I'm not sure what you mean. SQL Databases have varying feature-sets already
and SQL copes just fine. A "NoSQL" backend would simply be yet another type of
database, lining up with e.g. MySQL and Postgres.

It's just a matter of applying the verbs (SELECT, CREATE, INSERT, UPDATE) in a
meaningful way.

The individual stores could even extend the language to a degree, just like
the RDBMS flavours do today. The important wins would be a common baseline
(select foo from bar), a standarized way for human interaction (adhoc queries
in a console are very useful) and a much easier migration path from
traditional RDBMs.

 _How well does SQL deal with conflicting data being returned from retrieval
operation?_

Again I wonder what you mean?

If you're referring to versioned stores, or stores with particular semantics,
then I'd imagine things like that to be simply embedded into the response.
I.e. all tables returned by a select-statement could simply contain an
additional column containing the tuple version. The user can then deal with
that meta-data using the usual, time-tested SQL machinery (select .. where
version=, group by, etc.)

Yes, this means every store needs slightly different treatment. But that's no
different to how we treat RDBMs today - a common baseline with variance in the
more specific features (column-types, indexes, triggers etc.).

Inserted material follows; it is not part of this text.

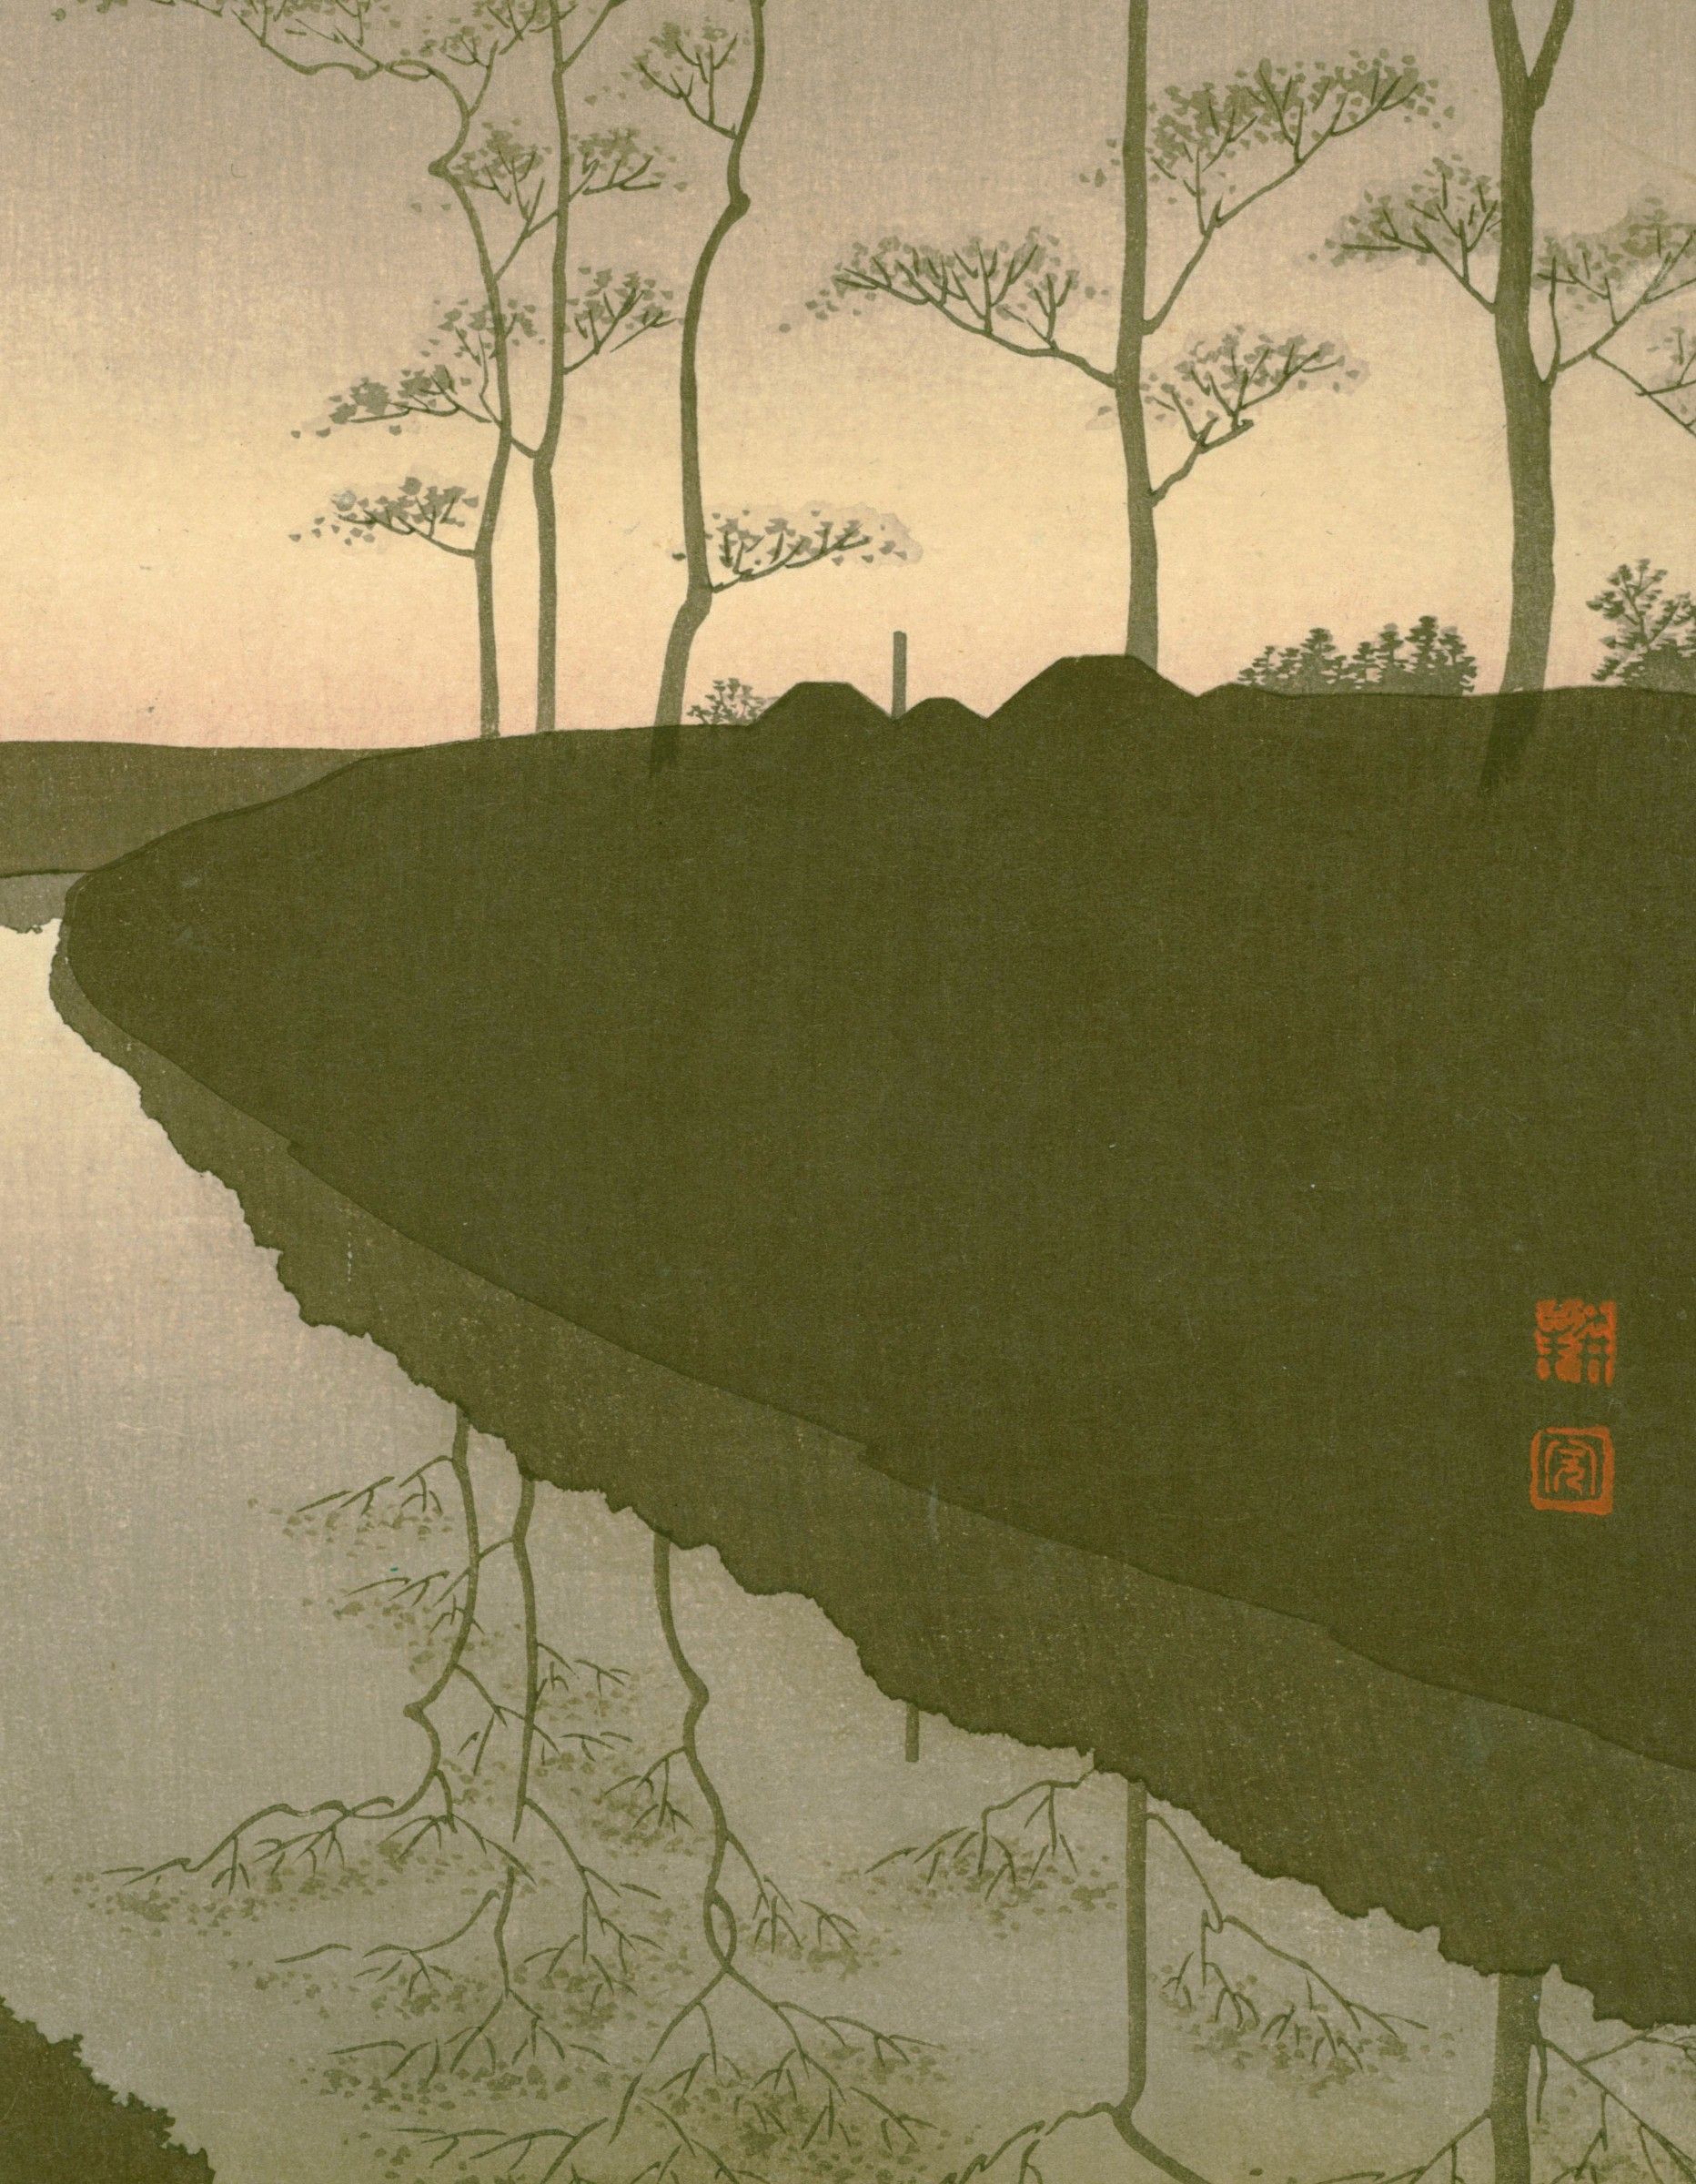 Shoda Koho Woodblock Print - Country Scene (Canal) Sepia - Hasegawa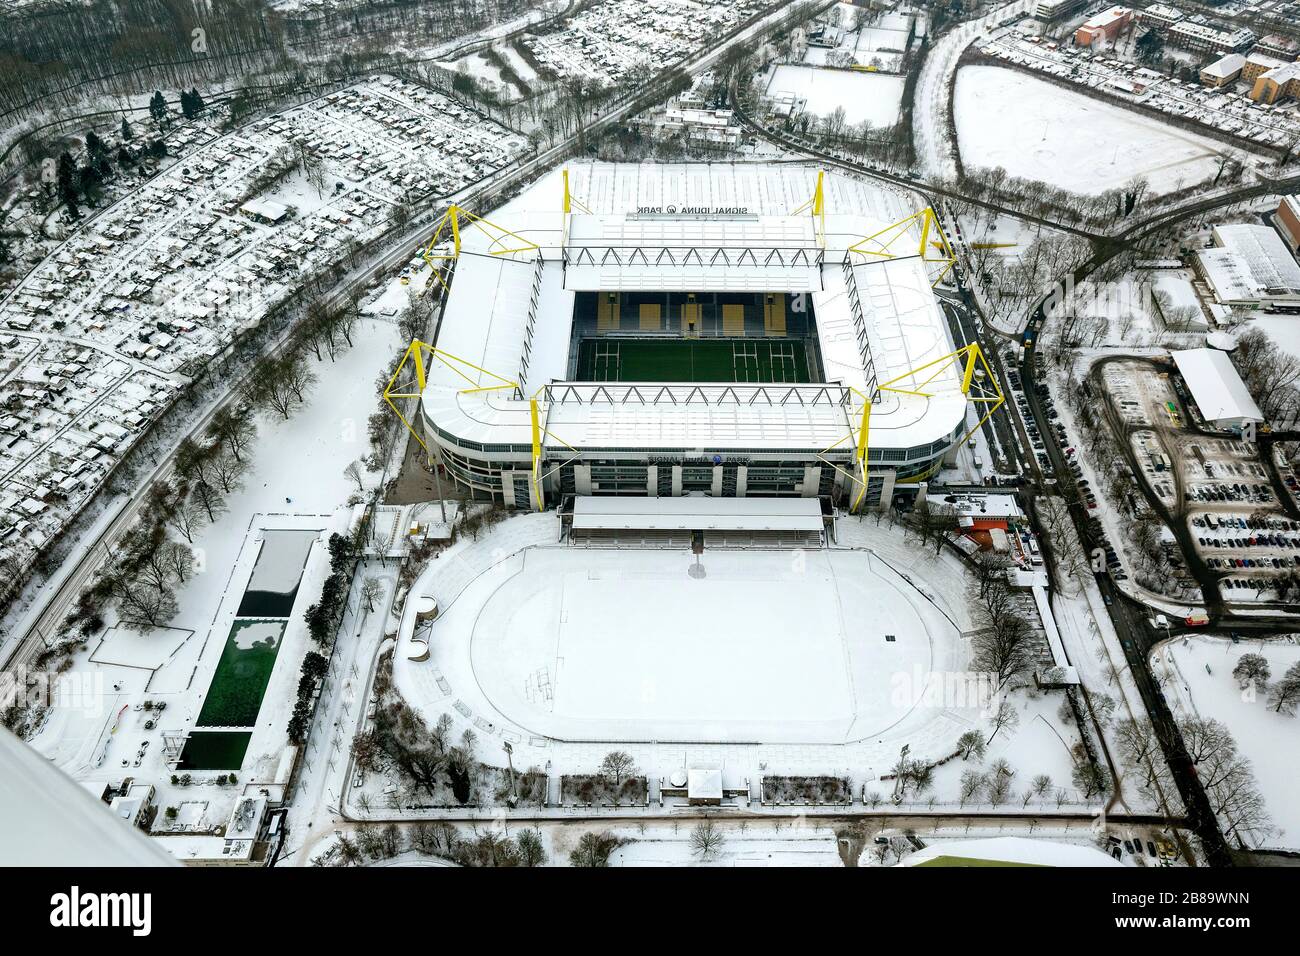 , snow-covered soccer stadium Westfalenstadion of Dortmund BVB, 19.01.2013, aerial view, Germany, North Rhine-Westphalia, Ruhr Area, Dortmund Stock Photo

 _I certainly hope that document-store developers do not take the lazy route
and prematurely converge on a standard like SQL._

That's a strange wish to have as it only makes life harder for everyone. I
don't see anything bad about SQL (the language) that would prevent it from
taking this role.

Moreover the query language doesn't need to have ties into the underlying
implementation - it's merely a common vocabulary.

SQL seems like a natural choice due to its ubiquity.

LINQ, in my book, is an ORM and operates at a different level of abstraction.
Pig and HiveQL otoh are exactly what I have in mind - SQL dialects.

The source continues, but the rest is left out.